-- TRY IT --
Scan the records below for the line with "3 Port 2fe0e5" and the line with "FTX firma un", and retype that range exactly, both ends included, pictures excepted.

-- EXTRACTED INFORMATION --
BEGIN

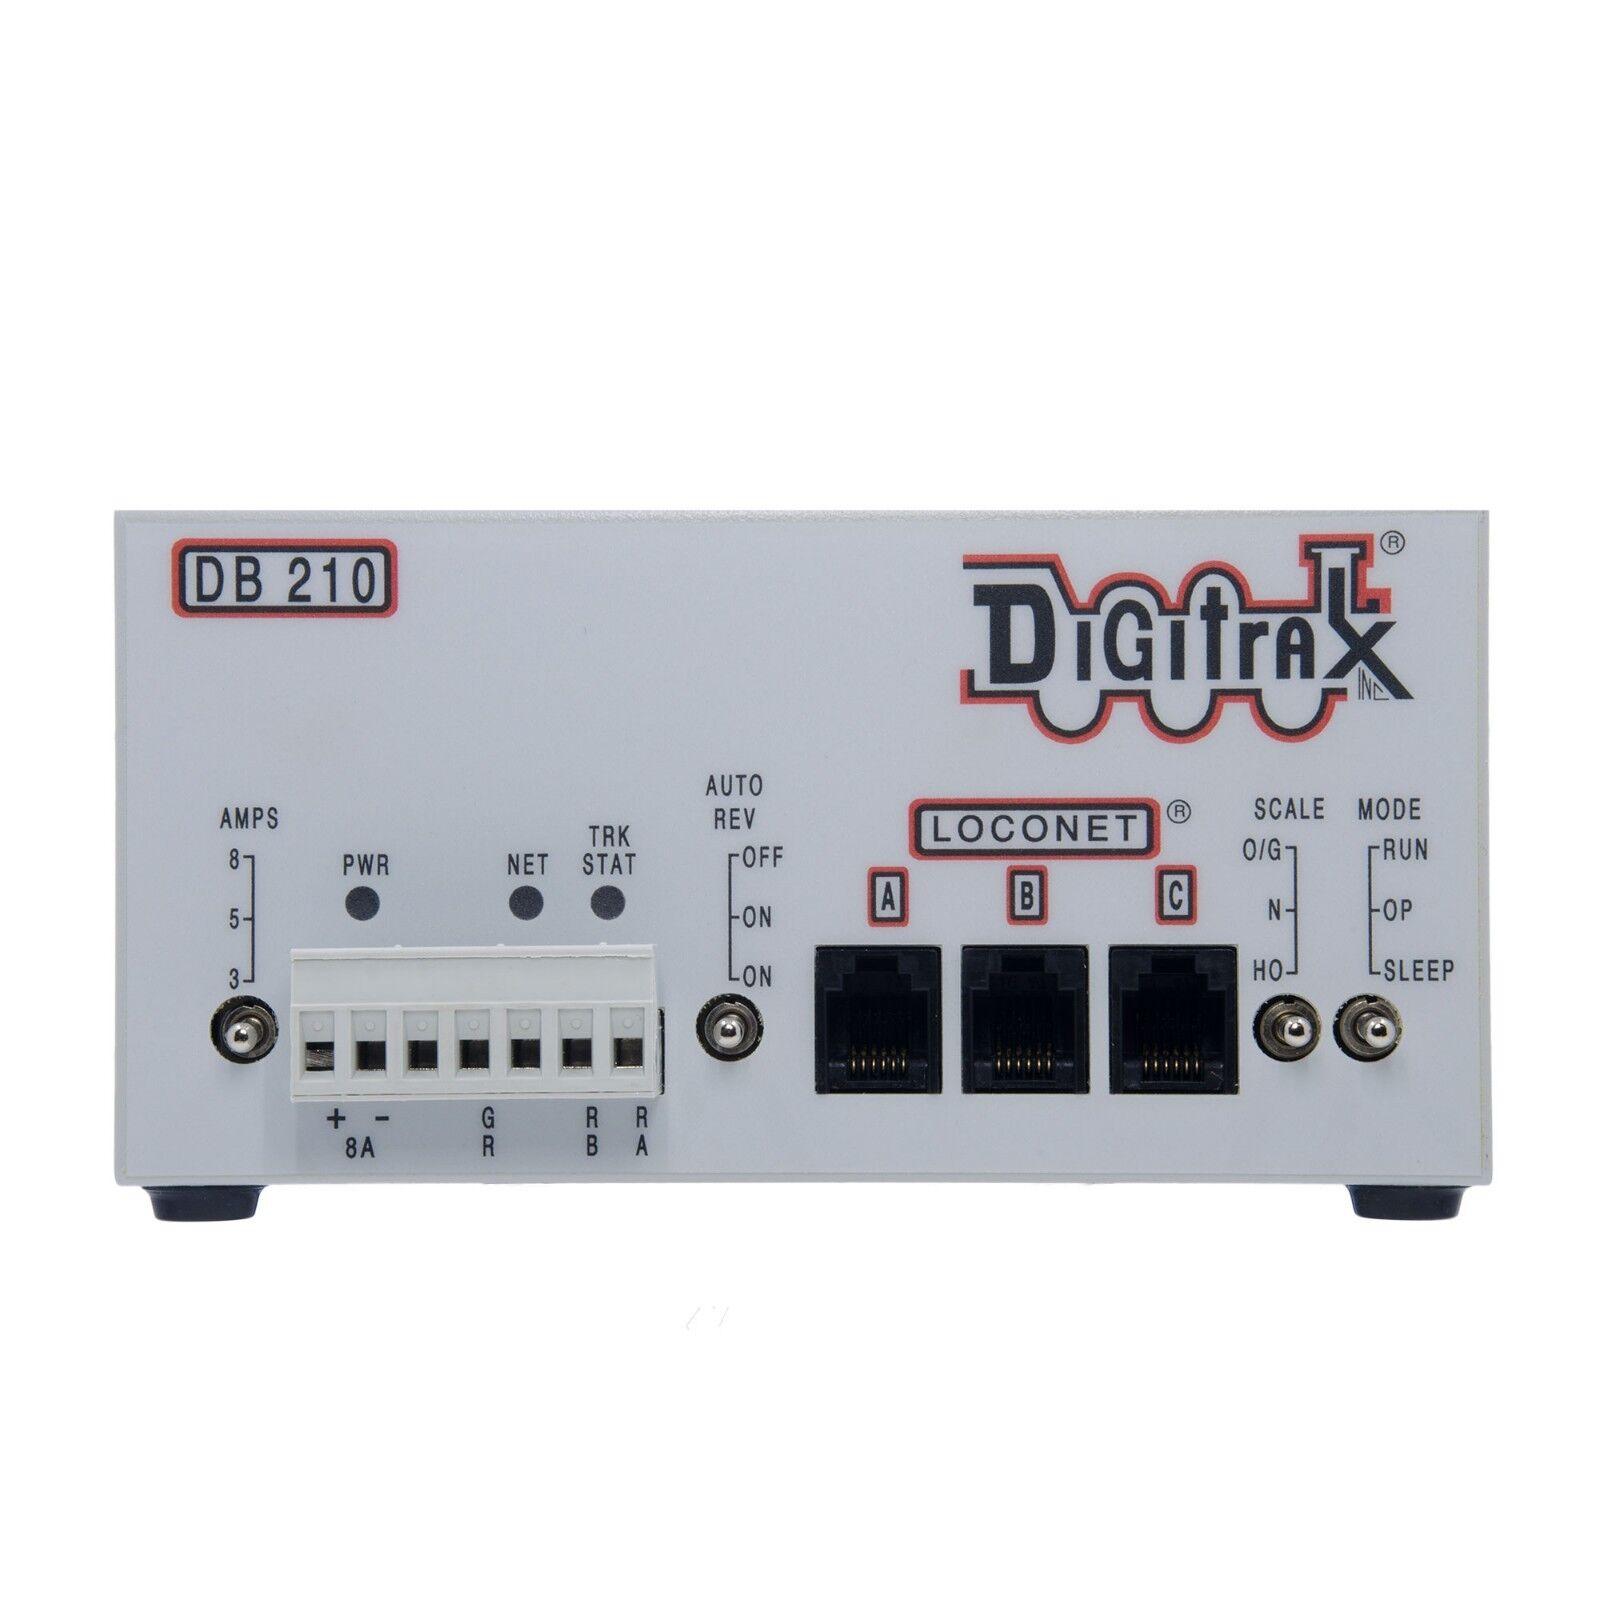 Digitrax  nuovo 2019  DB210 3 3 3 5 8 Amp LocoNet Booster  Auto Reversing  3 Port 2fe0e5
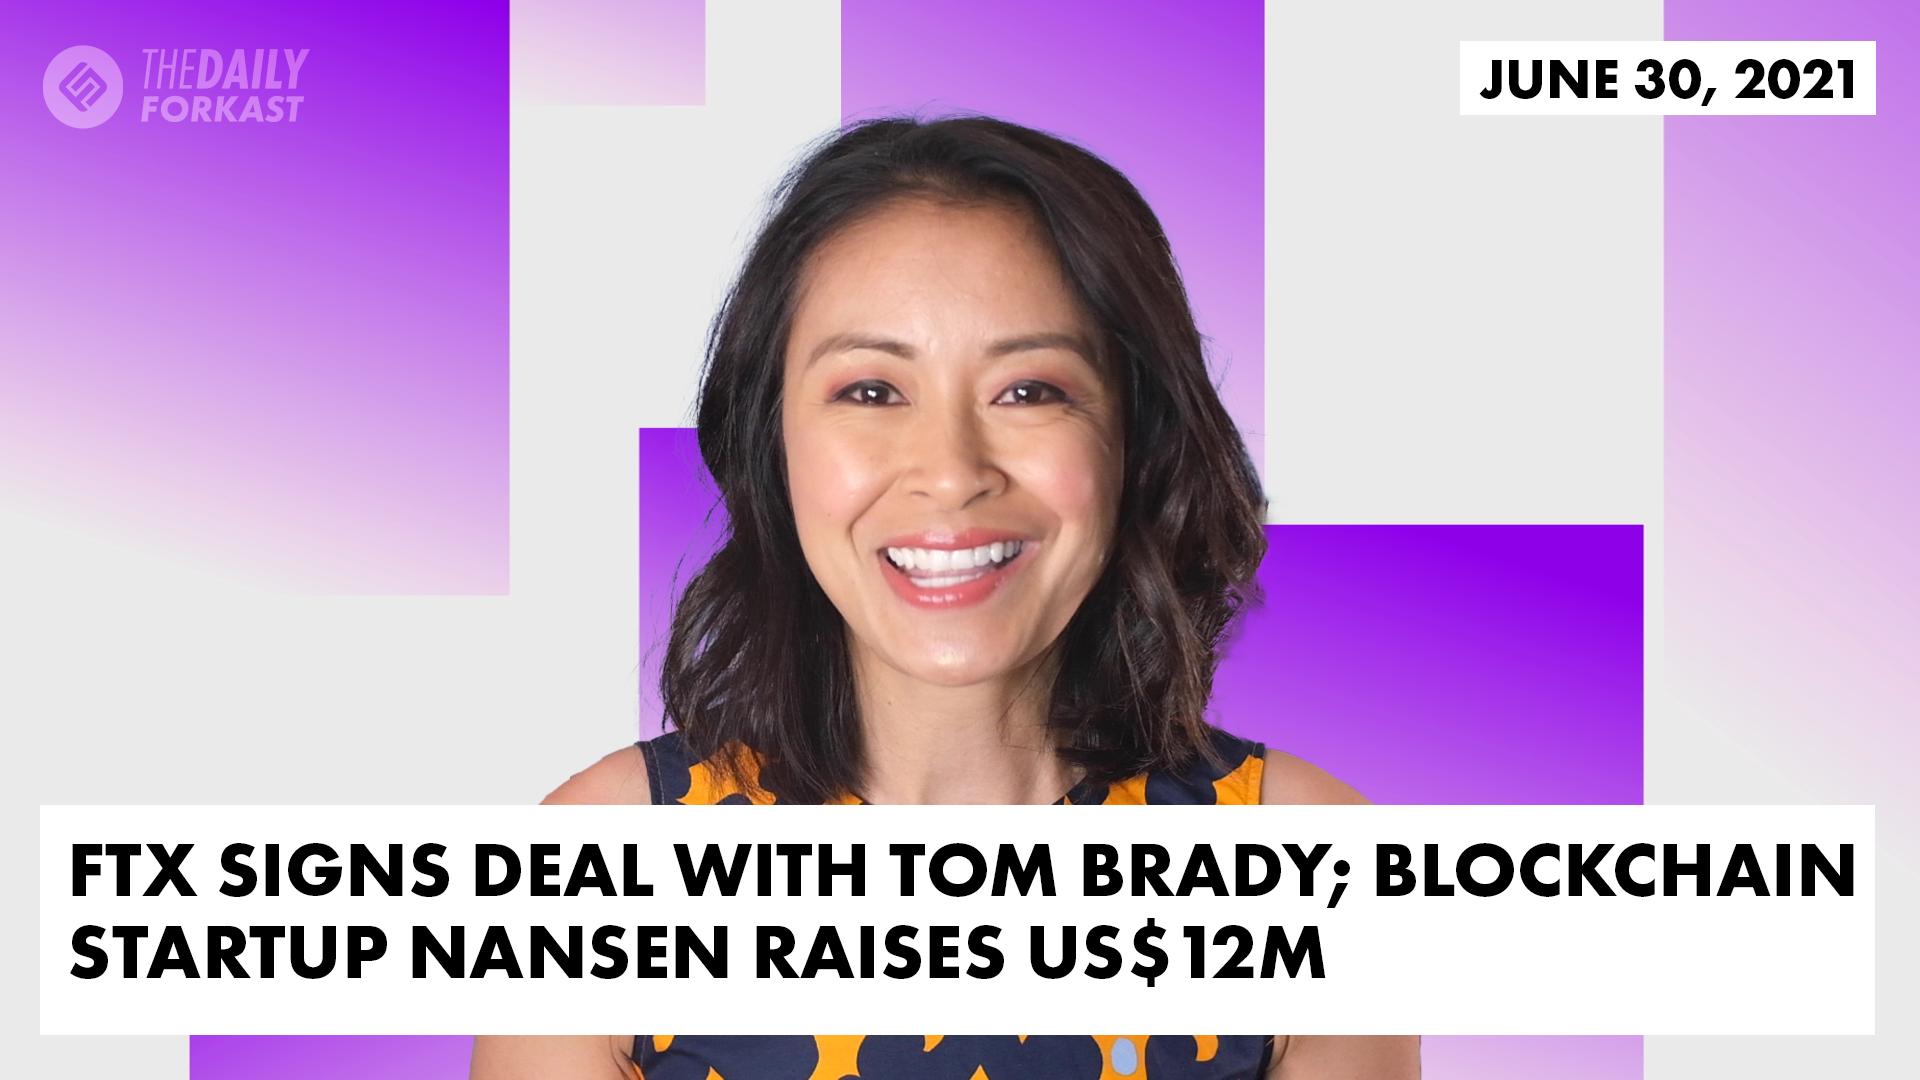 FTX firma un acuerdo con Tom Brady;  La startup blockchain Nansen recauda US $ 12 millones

END
BEGIN

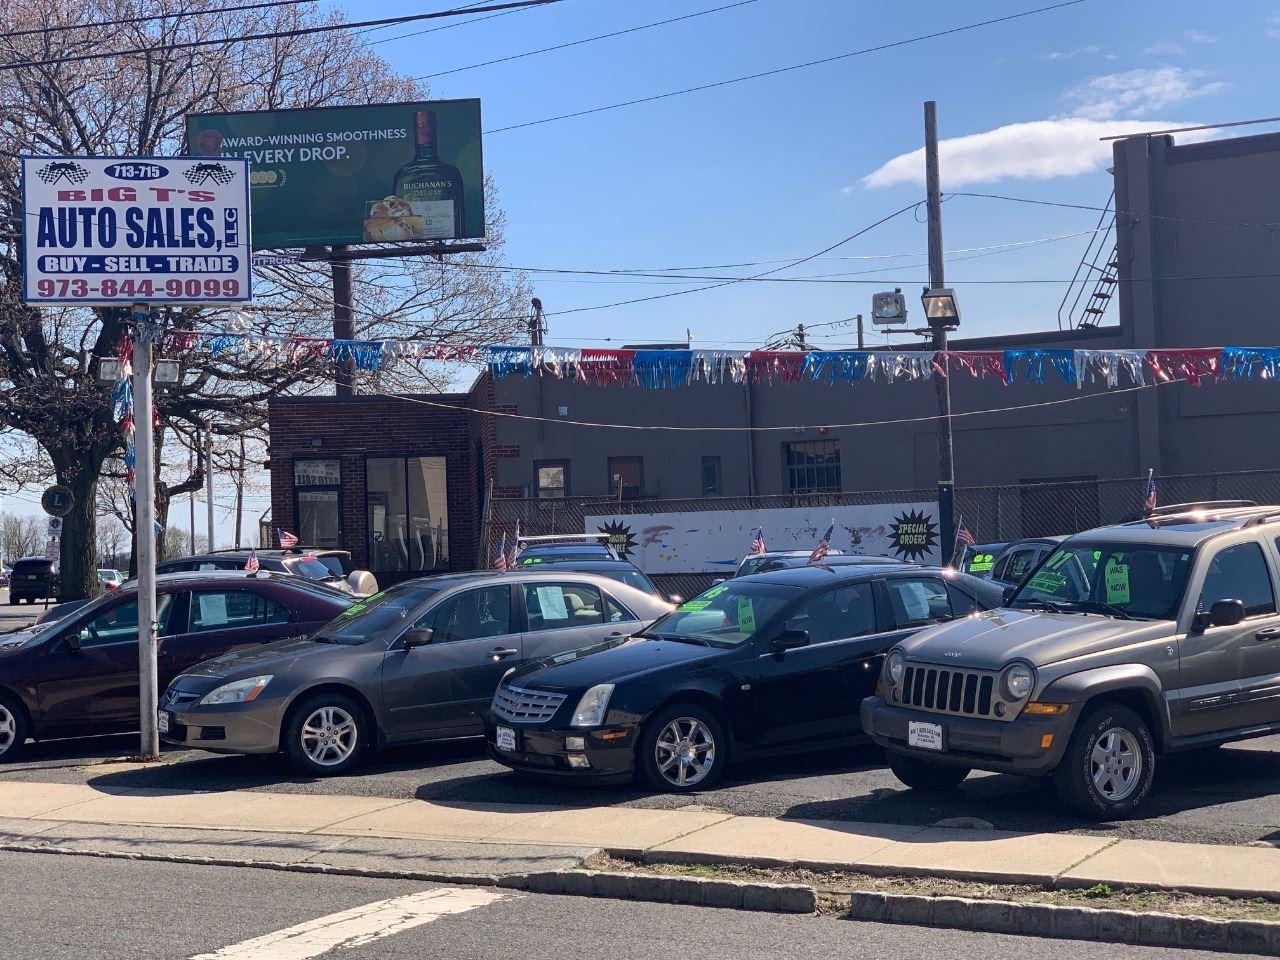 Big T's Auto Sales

END
BEGIN

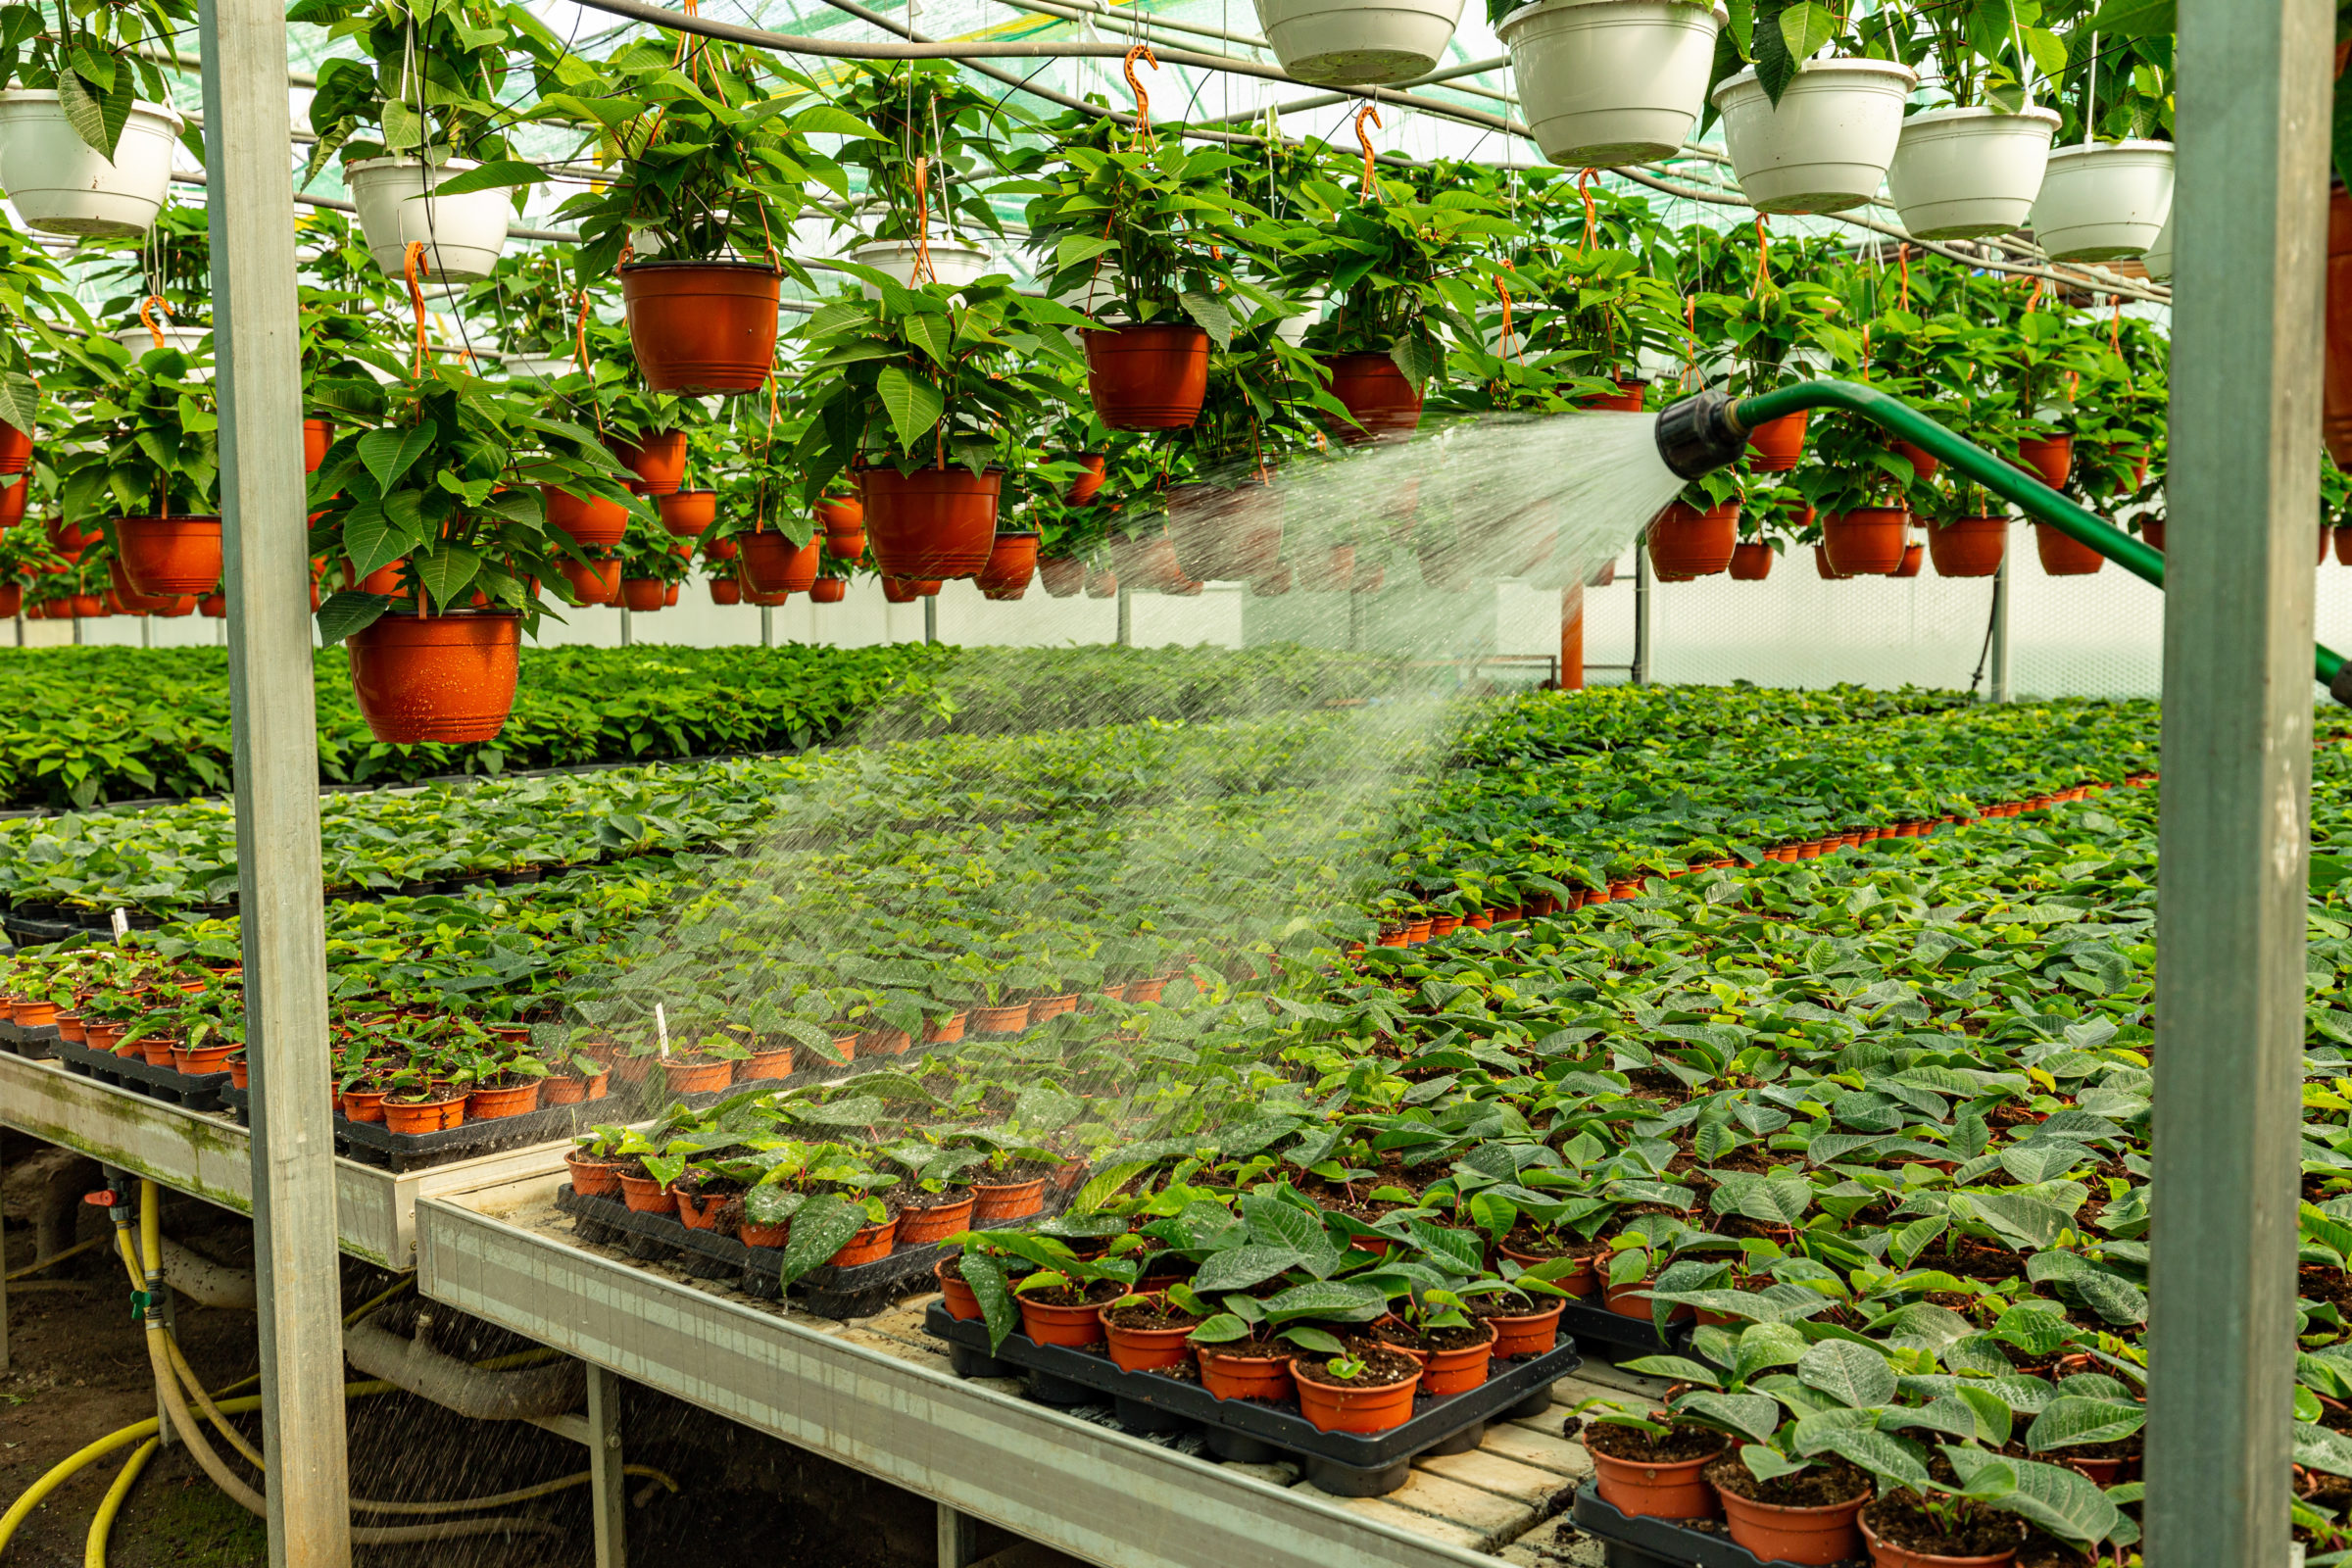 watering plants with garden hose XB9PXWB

END

-- TASK RESULT --
 Digitrax  nuovo 2019  DB210 3 3 3 5 8 Amp LocoNet Booster  Auto Reversing  3 Port 2fe0e5
 FTX firma un acuerdo con Tom Brady;  La startup blockchain Nansen recauda US $ 12 millones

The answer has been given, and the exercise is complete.